The loss value used in the present deep convolutional neural network is calculated by the following loss function L fl:
Where y' represents the inference output of the deep convolutional neural network on the input image, y represents whether the evaluation object is foreground, γ represents the rate of adjusting the weight reduction of the simple samples, γ is 0,5, preferably 2, α is a weighting factor for balancing the importance of the positive/negative number samples, and α is 0, 1.
specifically, the deep convolutional neural network used in this step is obtained by training through the following steps:
(1) acquiring a data set, sending the data set to an ultrasonic expert, and acquiring the data set labeled by the ultrasonic expert;
Specifically, the data set is 30000 fetal ultrasound sectional images obtained from ultrasound devices manufactured by major manufacturers on the market (including samsung, siemens, kelly, etc.), and these fetal ultrasound sectional images are randomly divided into 3 parts, of which 80% is a training set (Train set), 10% is a verification set (Validation set), and 10% is a test set (Testset).
(2) preprocessing the labeled data set to obtain a preprocessed data set;
specifically, the preprocessing process in this step is completely the same as the preprocessing process described above, and is not described herein again.
(3) Counting the data set labeled in the step (1) by using a K-means clustering algorithm to obtain 3 proportional values which can represent the length and the width of a key target in the data set most and are used as the proportion of anchor points (anchors) in the deep convolutional neural network;
(4) and (3) inputting a batch of secondary data in the training set part in the preprocessed data set obtained in the step (2) into the deep convolutional neural network to obtain inference output, and inputting the inference output and the data set labeled by the ultrasonic expert in the step (1) into a loss function L fl of the deep convolutional neural network to obtain a loss value.
specifically, one batch of data is 4 images;
(5) And (4) optimizing a loss function L fl of the deep convolutional neural network according to the Adam algorithm and by using the loss value obtained in the step (4) so as to achieve the purpose of gradually updating the parameters in the deep convolutional neural network.
specifically, in the optimization process, the learning rate lr is 0.001, the impulse ξ is 0.9, and the weight attenuation ψ is 0.004.
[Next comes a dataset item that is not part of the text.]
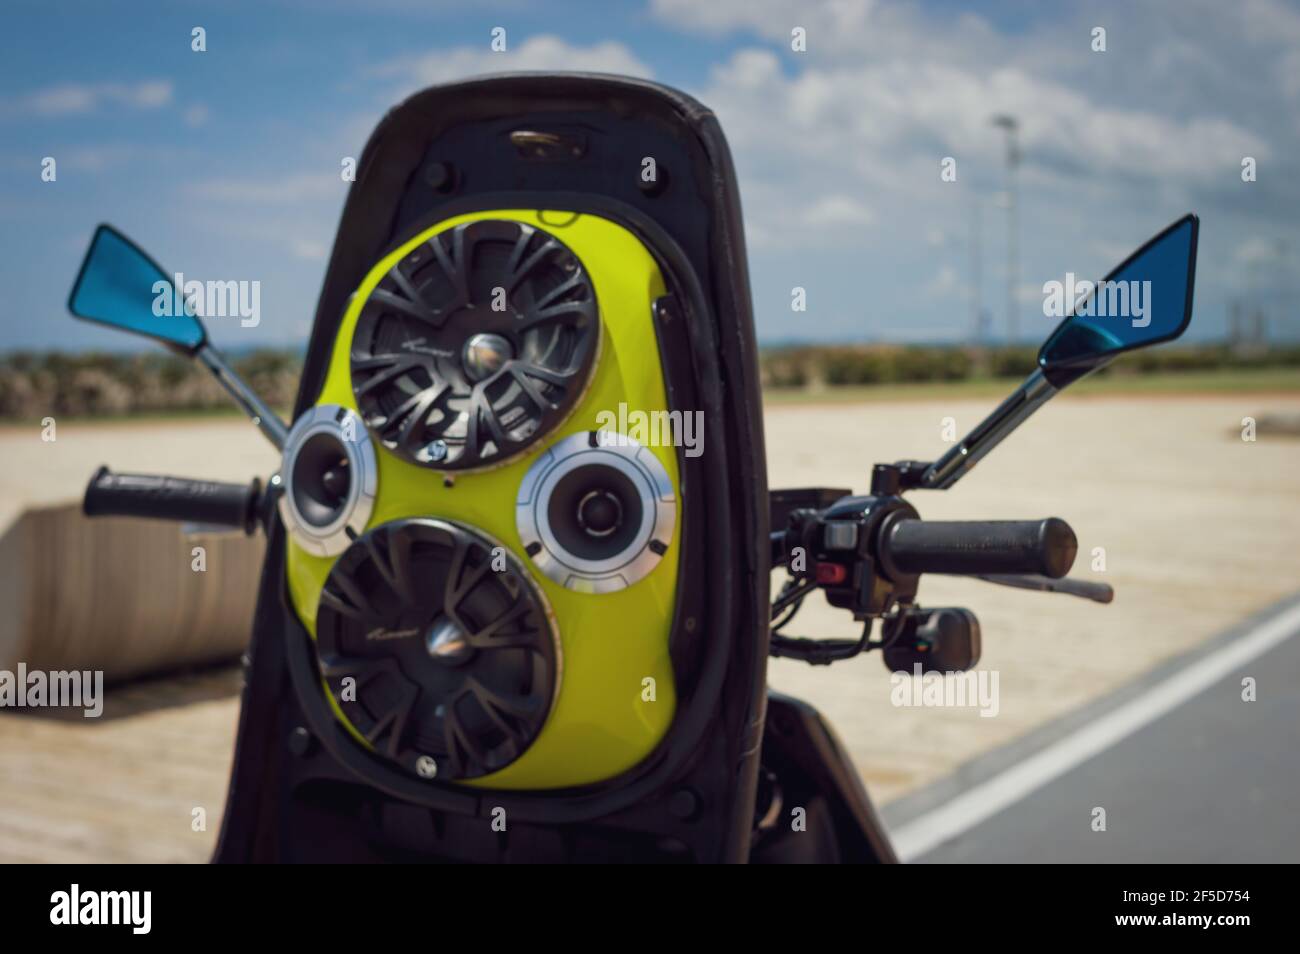 Motorrad mit Soundsystem im Freien Stockfotografie - Alamy

(6) Repeating the step (4) and the step (5) in sequence aiming at the residual batch of data in the training set part in the preprocessed data set obtained in the step (2) until the iteration number is reached, thereby obtaining a trained deep convolutional neural network;
Specifically, the training process in this step includes 120 cycles, and the number of iterations in each cycle is 6000.
(7) And (3) verifying the trained deep convolutional neural network by using the test set part in the preprocessed data set obtained in the step (2).
Test results
Inputting a new non-standard section, an approximate standard section and a standard section of each part of the fetus in prenatal ultrasonic examination into a trained model, automatically identifying the type of the input section by the model and giving an identification result, as shown in fig. 3.
The average accuracy, the standard tangent plane detection rate and the standard tangent plane false detection rate of the trained model on a new test set are as follows, and it can be seen that the accuracy and the standard tangent plane detection rate of the invention are quite high, and the standard tangent plane false detection rate is very low.
Average rate of accuracy
|
Standard section detection rate
|
false detection rate of standard tangent plane
|
98.61%
|
96.88%
|
0.001% |
it will be understood by those skilled in the art that the foregoing is only a preferred embodiment of the present invention, and is not intended to limit the invention, and that any modification, equivalent replacement, or improvement made within the spirit and principle of the present invention should be included in the scope of the present invention.